My name is Chloe, and I am an honours student at the University of Western Australia and a research associate at the Western Australian Museum. I am completing a marine science-focused honours degree, specifically looking at the phylogenetics of Pterasteridae, a family of sea stars. Pterasteridae have an inflated appearance, like a cushion star and a prominent osculum, or a hole in the centre of the animal, from which they expel mucus.
As part of my project, I will be analysing the DNA of many species within Pterasteridae and generating the first robust phylogeny of the family to find out how closely related genera and species within the family are to one another. I will also be identifying over fifty specimens currently held at the museum to the species level and sequencing multiple genes for each species.
I am fortunate that my project supervisor is Dr Nerida Wilson, one of the amazing women leading the Australian Mesophotic Coral Examination cruise. She invited me to participate in the Australian Mesophotic Coral Examination expedition as a research assistant and has taught me how to handle, subsample, and preserve marine specimens.
As a research assistant on the R/V Falkor, I spend my days tracking specimen collections on Sealog. Sealog is a program designed to help us create a database of information from dives with the ROV. As we move along the seafloor, Sealog takes photographs in 5-second intervals and records vital information for each photo such as coordinates, depth, time, etc. Sealog also allows me to record information about any specimens we find that we’d like to collect. I can record what a specimen looks like in situ, what time we found it, and where it is positioned in the ROV SuBastian’s quivers and bio boxes, so I can keep track and collect the samples efficiently.
Once we have finished collecting samples for the day, the ROV surfaces. We then fill buckets with seawater, collect the specimens and bring them back to the lab to be photographed, subsampled, and preserved. My primary role in the laboratory is to keep track of the specimens (and sometimes the team). I am in charge of:
- Tracking which specimens in the lab have been processed and still need to be processed
- Assigning specimens a WAM ID number and creating labels for their lab photos
- Collecting, labelling, and storing 96% ethanol cryotubes that hold the extracted subsample tissue.

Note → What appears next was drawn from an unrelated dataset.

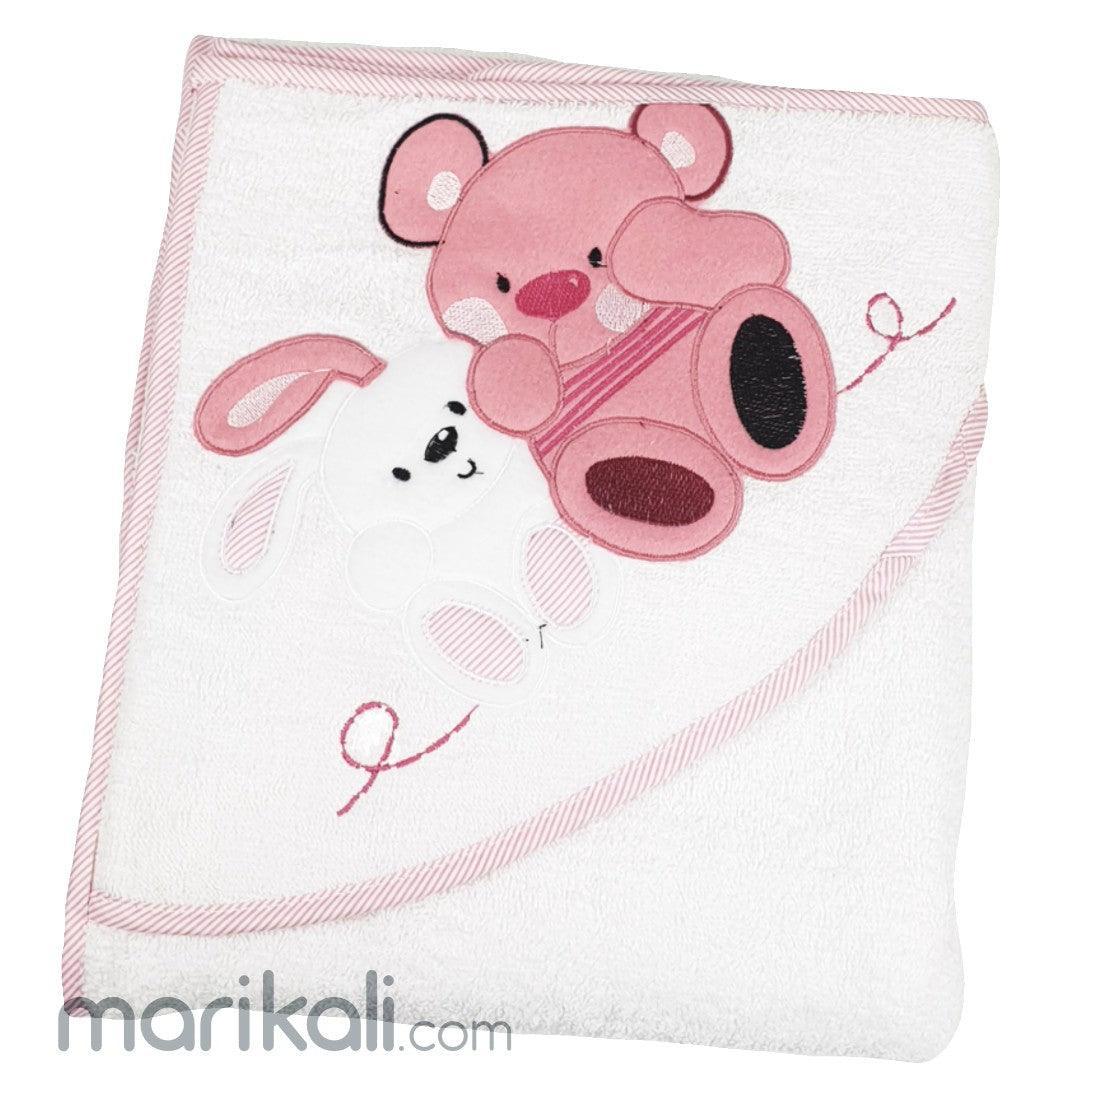 mk Collection - mk Collection Bath Towel Teddy & Bunny Pink - Mari Kali Stores Cyprus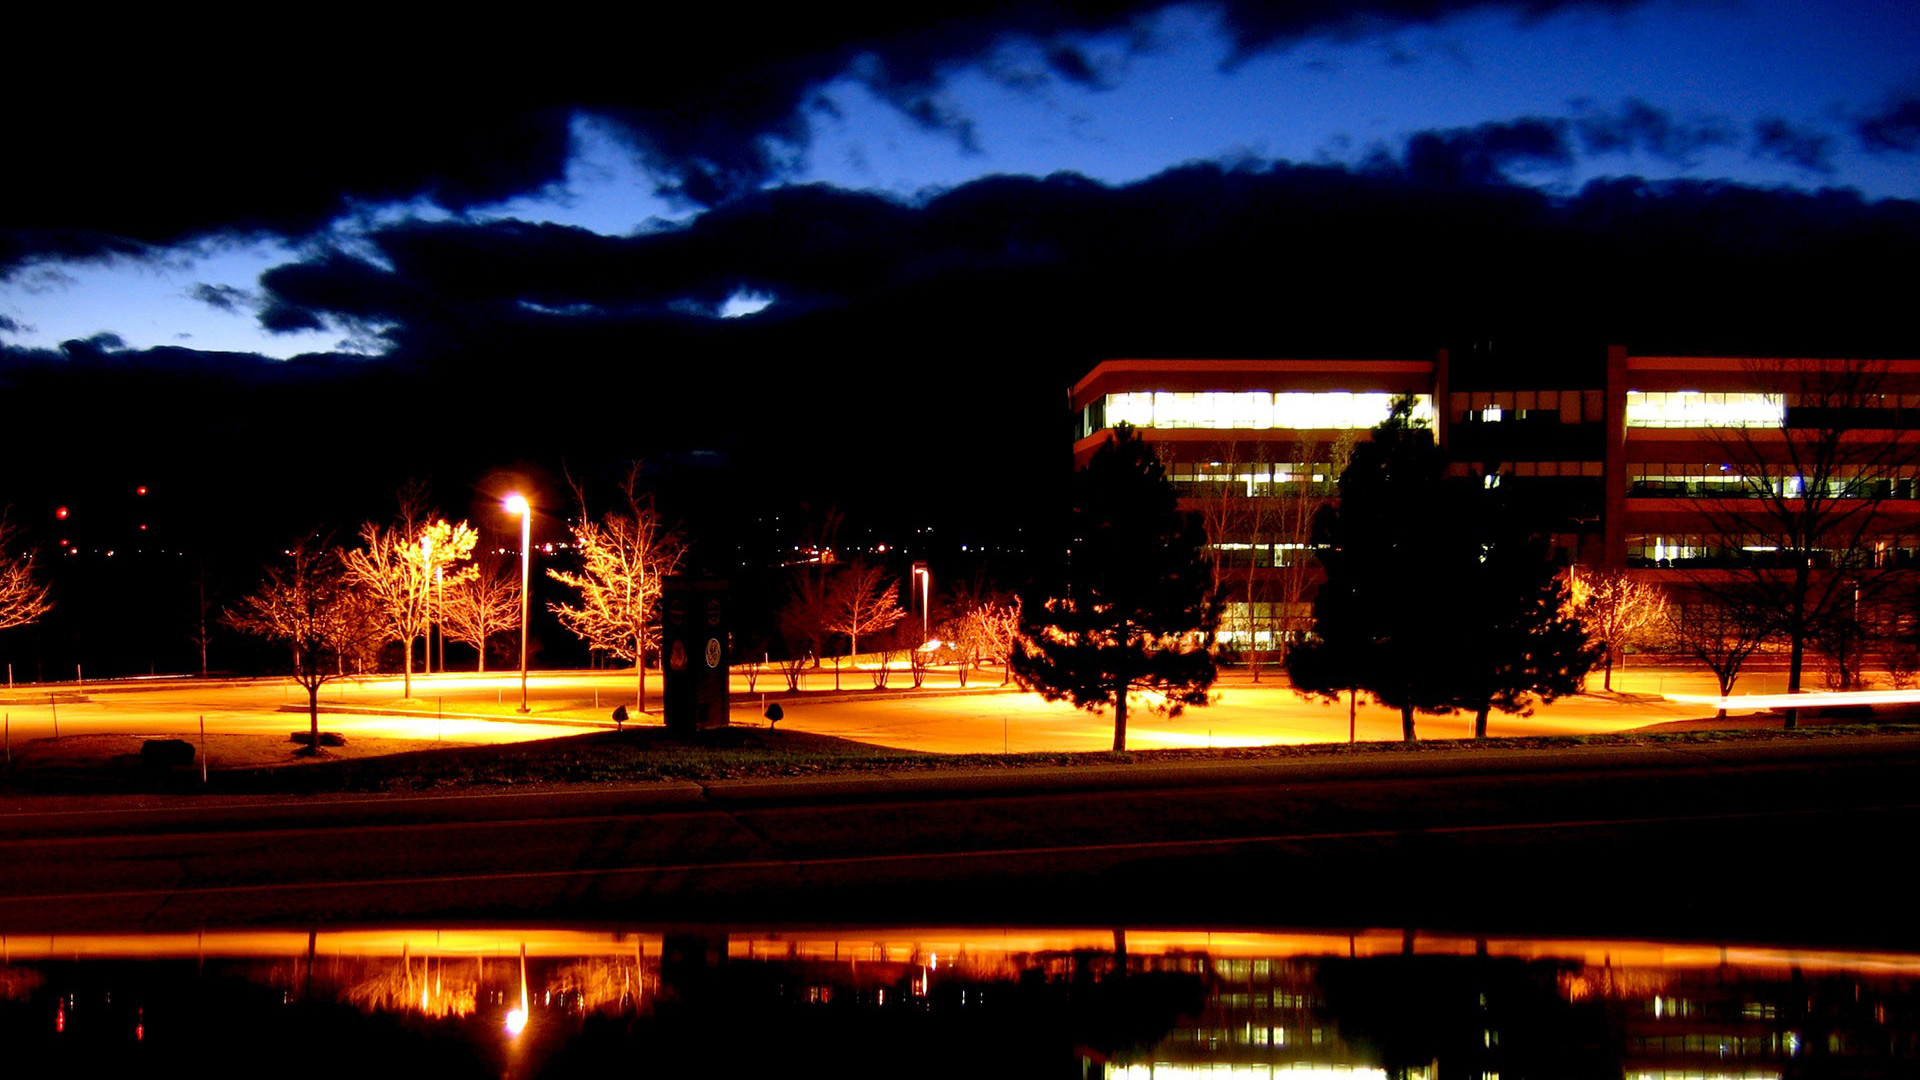 Night Parking Lot The University Campus Street Light Trees Overcast 1920x1080

This process allows the specimens and their corresponding tissue samples to be easily searched for in the WA museum database and located within their massive collection. Once added to the database, the specimens we are collecting on this trip can be loaned by scientists working on various projects for years to come.
My honours project is invertebrate taxonomy focussed, so Nerida and Corey Whisson, another scientist from WAM, often teach me new things about the invertebrates we are preserving and then give me pop quizzes while we work. So far, Nerida has taught me how to subsample a seastar, and Corey has shown me how to fix a specimen in ethanol. This one-on-one style of teaching from experts in their fields, and hands-on experience out in the field, is a rare opportunity that I am very fortunate to have. The skills and knowledge I am gaining are vital for my research project and my future career as a marine scientist.
So far, what we have seen on this trip has challenged the assumptions I held previously about the mesophotic zone. I expected to see a reduction in species abundance as we moved from 50 to 150 meters deep, as we typically see a higher quantity of species in shallow depths where light can easily be absorbed. As we go deeper, the number of species that can function on the amount of light that reaches these areas reduces until you reach the deep sea, which is full of highly specialised species that do not need sunlight to survive.
At Ashmore Reef, we have seen a high variation in abundance at various depths. At location one, dive 405, we saw barely anything at 50 meters and high abundance at 150 meters. This was the opposite of today’s dive, 410, where we saw an extremely high abundance, particularly of corals, at 150m compared to sparser areas of biodiversity on yesterday’s dive, 409, at 150 and 100 meters in the same location. Species abundance appears to be related more closely to the substrate in locations around the reef, with higher abundance found on the limestone substrate than sandy areas. This shows how important it is to explore the mesophotic zone to understand the biodiversity of this understudied ecosystem.
Having women like Nerida Wilson and Karen Miller, our chief scientist, leading this cruise has been such a valuable experience for me. This cruise has allowed me to learn about countless species that we have come across with ROV SuBastian that I never knew existed from experts, Karen being an expert on coral reefs and Nerida on marine invertebrates. As a woman in science myself, I know first-hand that science is still a predominantly male-dominated field, and so having two women to watch and learn from has been both exciting and encouraging. Nerida and Karen have quickly become role models to me, and having the chance to learn from them and work alongside them makes me feel confident in my choice to pursue a career in marine science.
Before this trip, my passions were sharks and the deep sea. To my surprise, early into this trip we came close to both, taking the ROV down to almost 200 metres and encountering a couple of white tip sharks. This opportunity has convinced me that I am on the right path towards an exciting and rewarding career. I cannot be more thankful to the Schmidt Ocean Institute, the University of Western Australia, the Western Australian Museum, and particularly Nerida for this incredible opportunity. I cannot wait to see what the rest of the trip has in store for us.